Анастасия отвернулась, чтобы та не заметила розовеющих от волнения щек.

— Знаешь, что я тебе скажу! — голос Антонины вдруг окреп, стал похож на натянутую стальную струну. — С Сергеем я до армии была знакома. Так вот. Любовь была, и не просто любовь. — Антонина залилась яркой краской. — Материнство волчихи в нас воет.
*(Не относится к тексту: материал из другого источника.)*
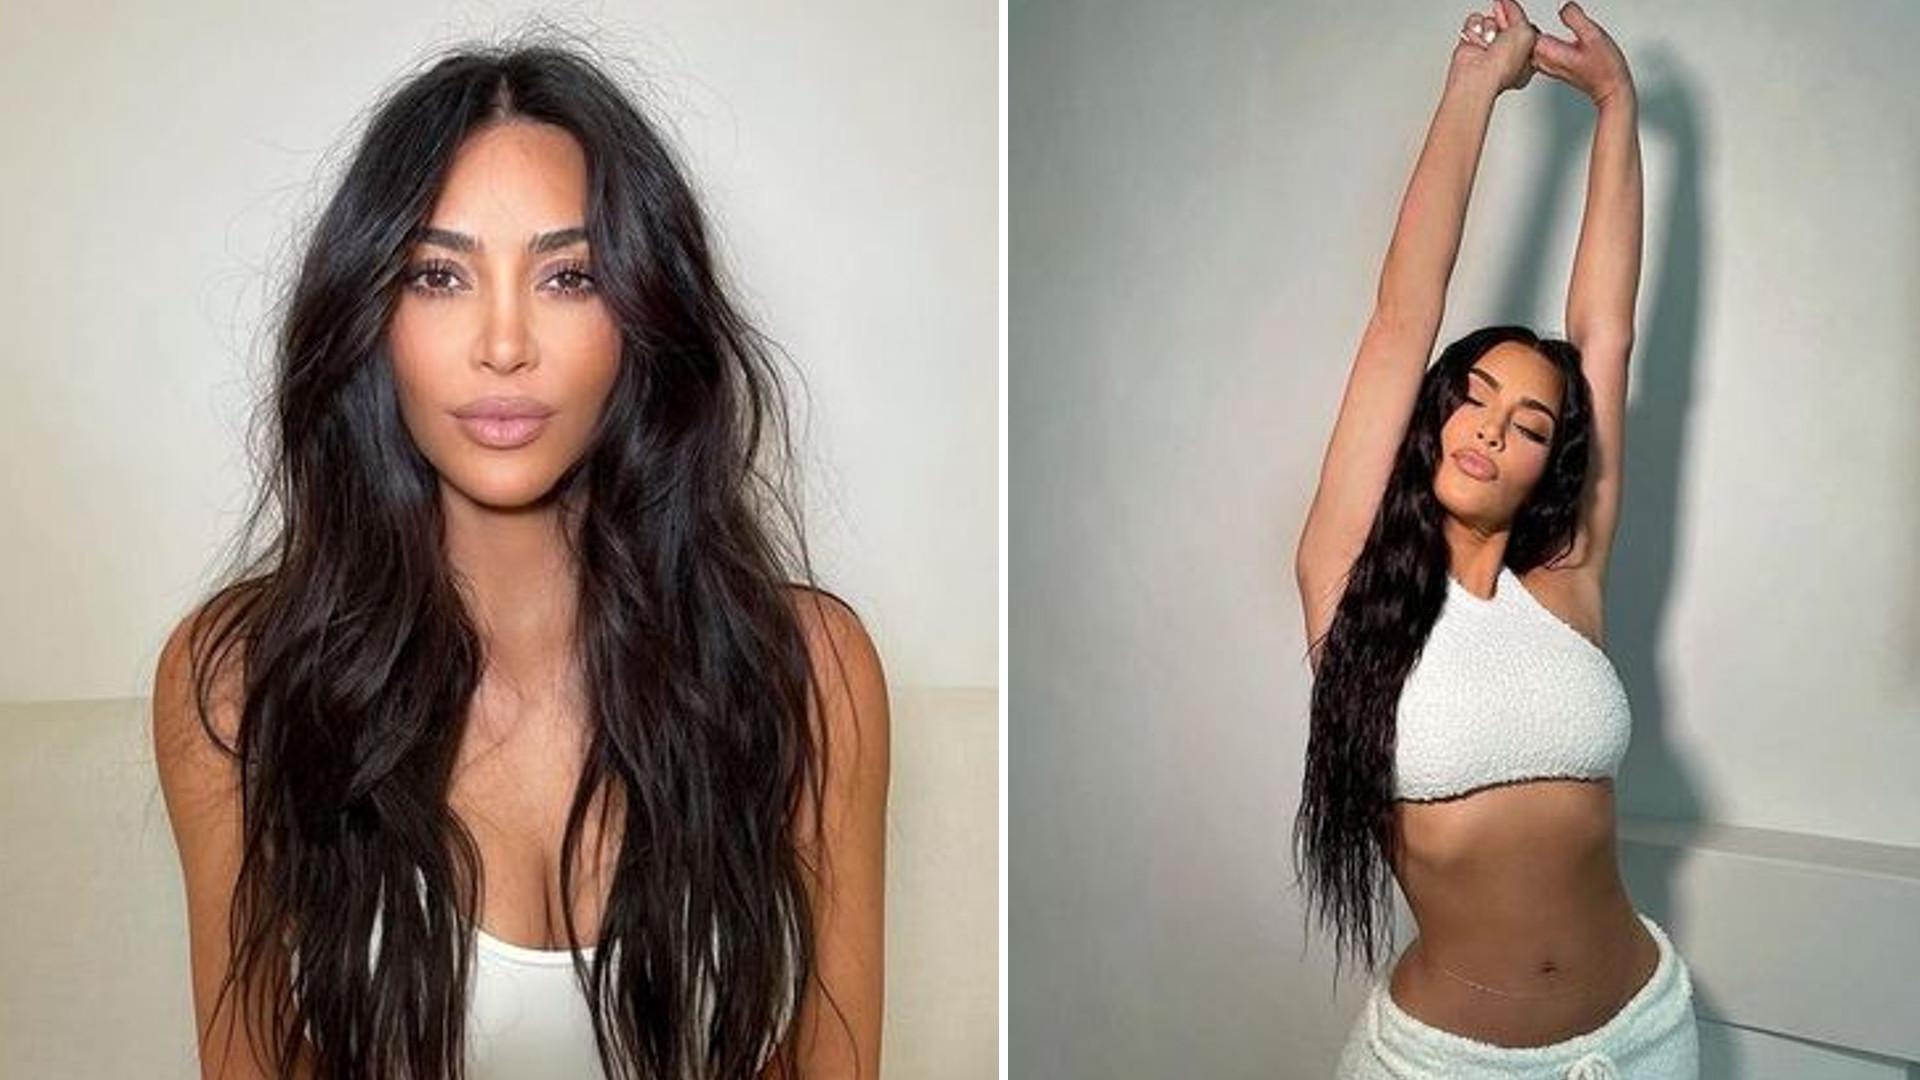 Kim Kardashian planuje kolejną operację plastyczną. To będzie duża zmiana w jej wyglądzie

Молодые все дуры. — Антонина говорила нахально, с вызовом. — Наши детдомовки из твоих кос войлок бы сделали! Перед женихом выкручивайся! Это уж твоя забота.
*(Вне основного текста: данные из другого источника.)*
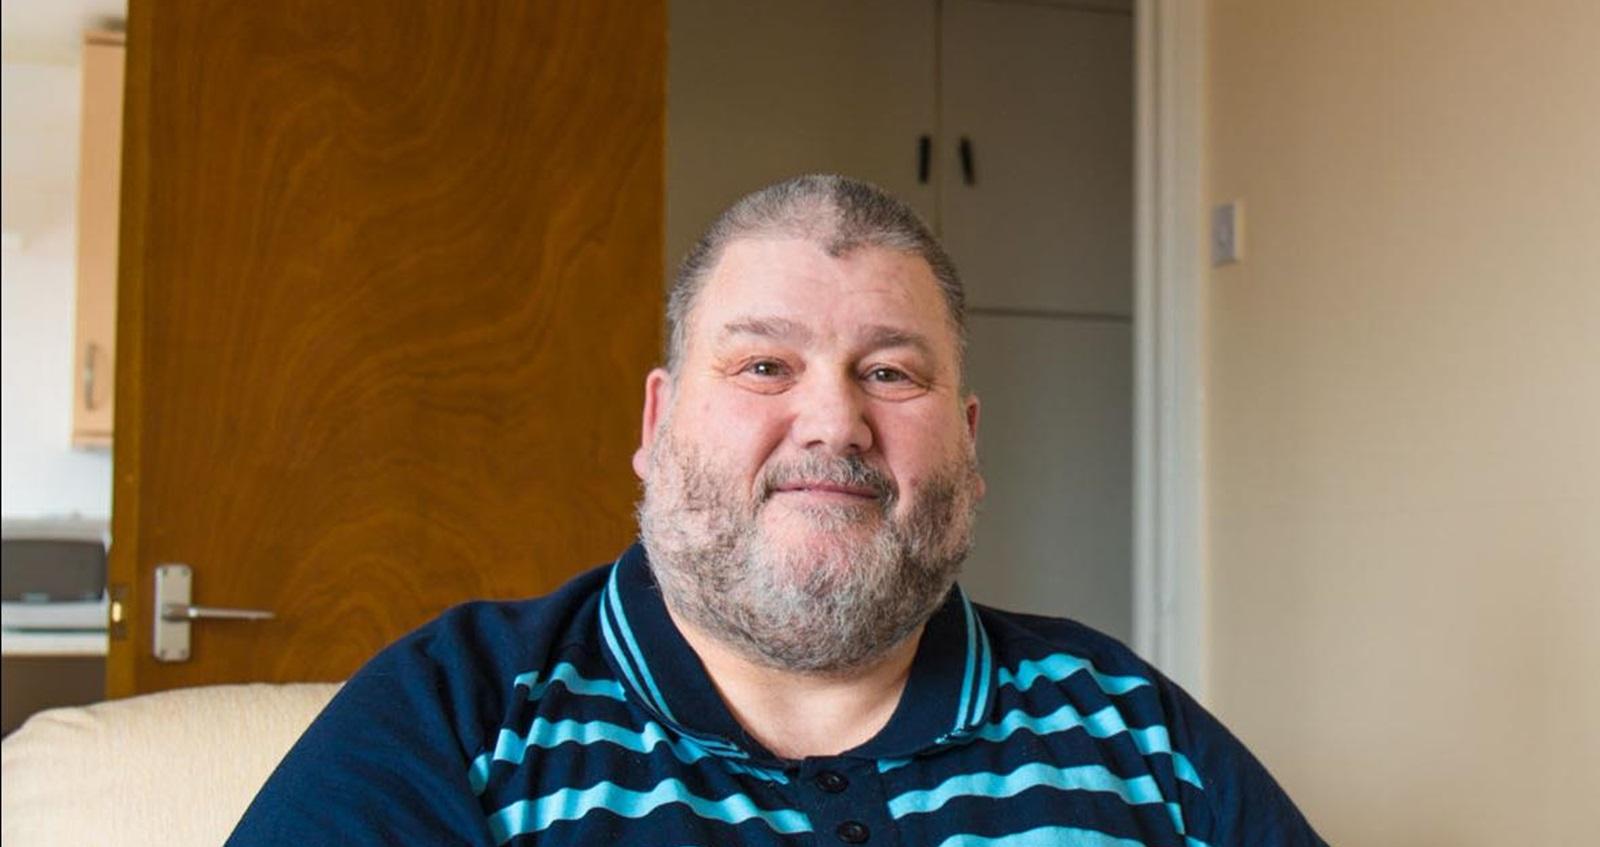 Veteran Gary Bowman

— О чем ты... говоришь?.. — пыталась что-то сказать Анастасия.

— Все о том... Не делай из меня дурочку. Сама через это прошла.
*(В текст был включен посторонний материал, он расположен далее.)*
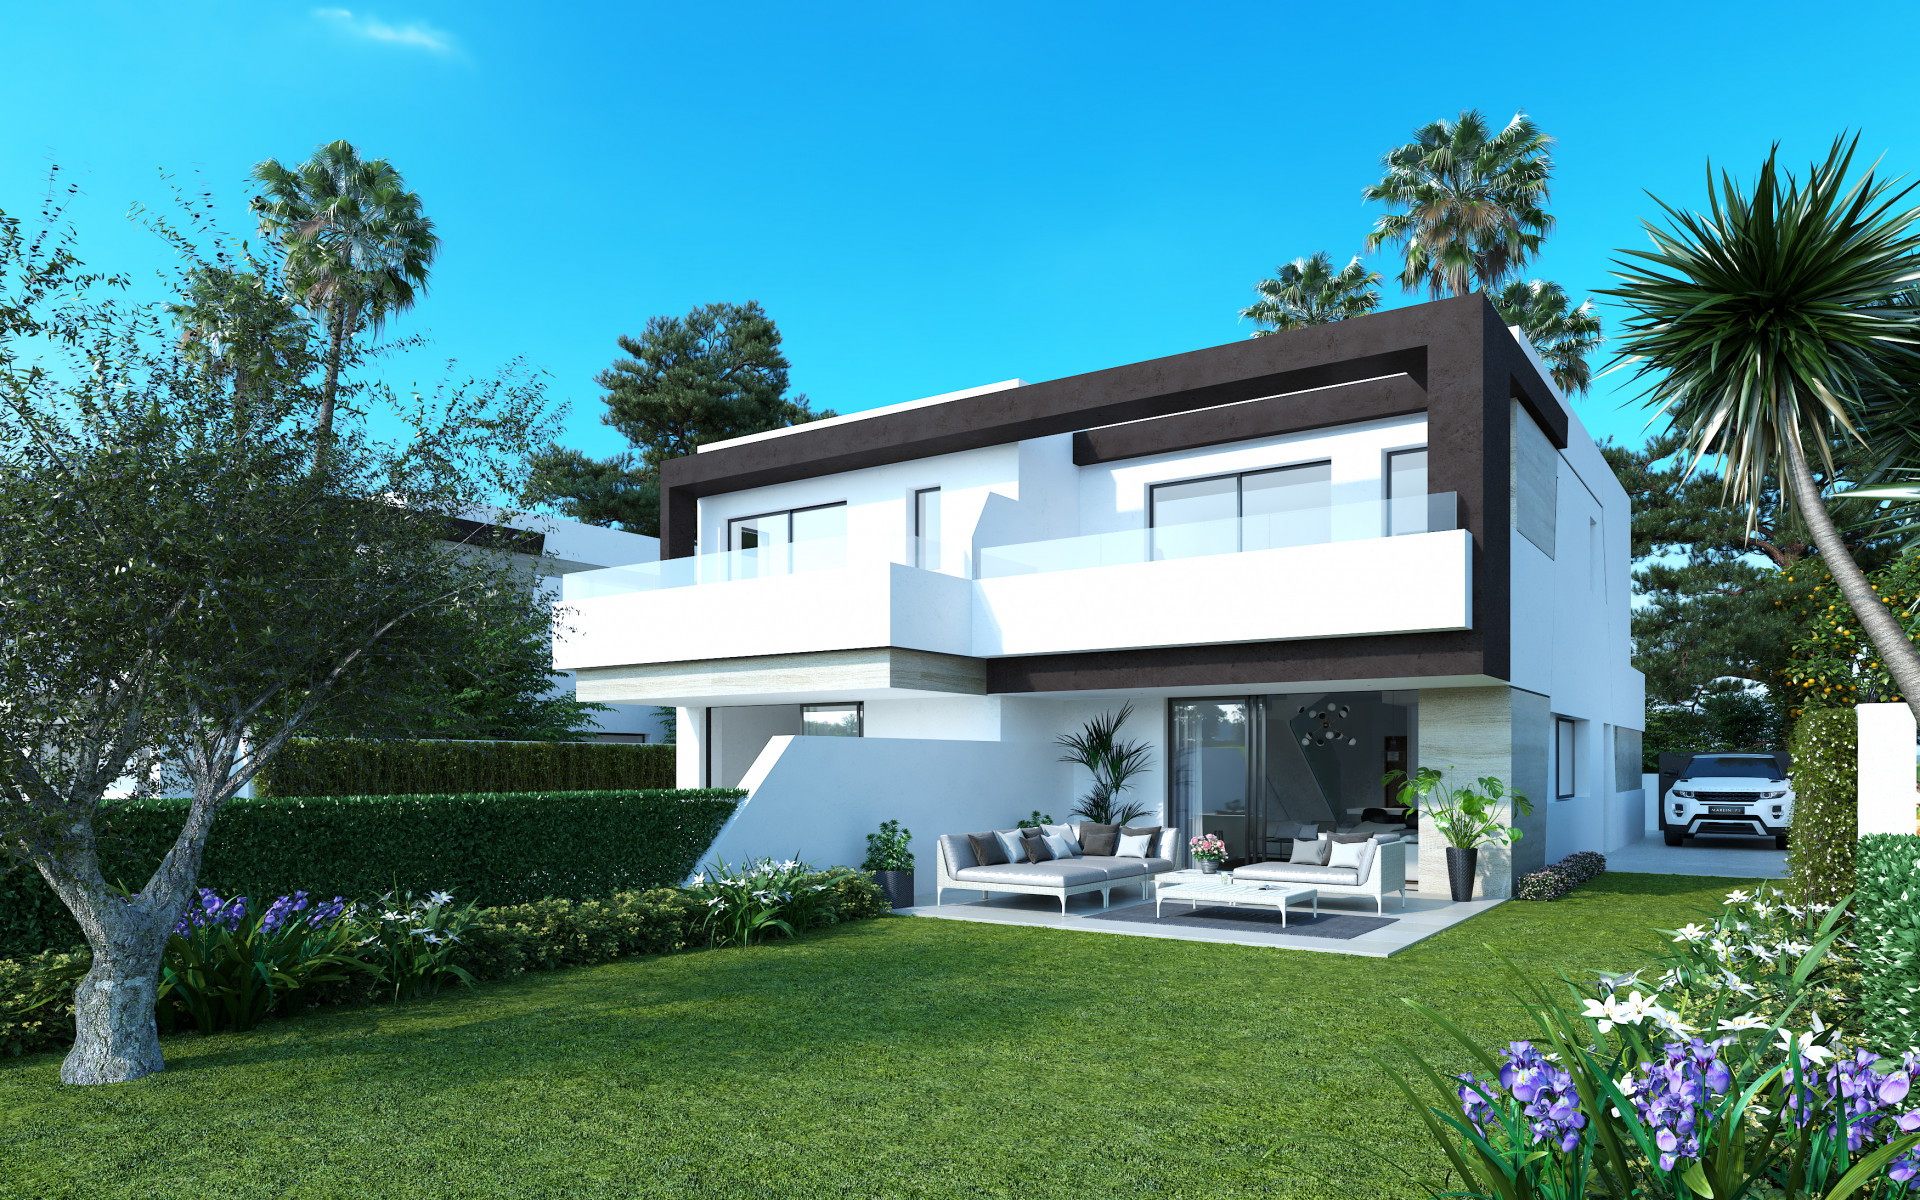 Image Property ae16da73-f729-4f35-89cf-0aeef03b09f4.jpg

На пороге Антонина остановилась:

— Ты — красивая. У тебя жених в городе. А мне здесь куковать. Так не мешай!

Действительно, Анастасия вышла замуж, уехала. А Антонина? Незаметно растворилась в людской памяти.


Неклюдовская зима

Первая моя неклюдовская зима подкрадывалась с ночными заморозками незаметно, исподволь. Но однажды за одну ночь перекрасила все темное в белое. Оттого и ночи стали светлее. Иду по заснеженной тропинке к школе, тот же лес, но уже в зимнем убранстве. На широких еловых лапах пуховые подушечки снега вышиты крошечными лапками попрыгушек птичек-синичек. Ни шепота, ни крика. Лишь снег скрипит под ногами. Безмолвная первозданная тишина. Голые веточки поросли игольчатым инеем, стали белоснежно-фарфоровыми; тронешь чуть, осыпается это белое чудо, едва коснувшись теплой кожи рук и лица. Спокойствие зимнего леса заколдовывает. Стою долго, словно замороженная, вбираю глазами в себя эту красоту и сожалею, что не умею ни рисовать, ни писать настоящих стихов.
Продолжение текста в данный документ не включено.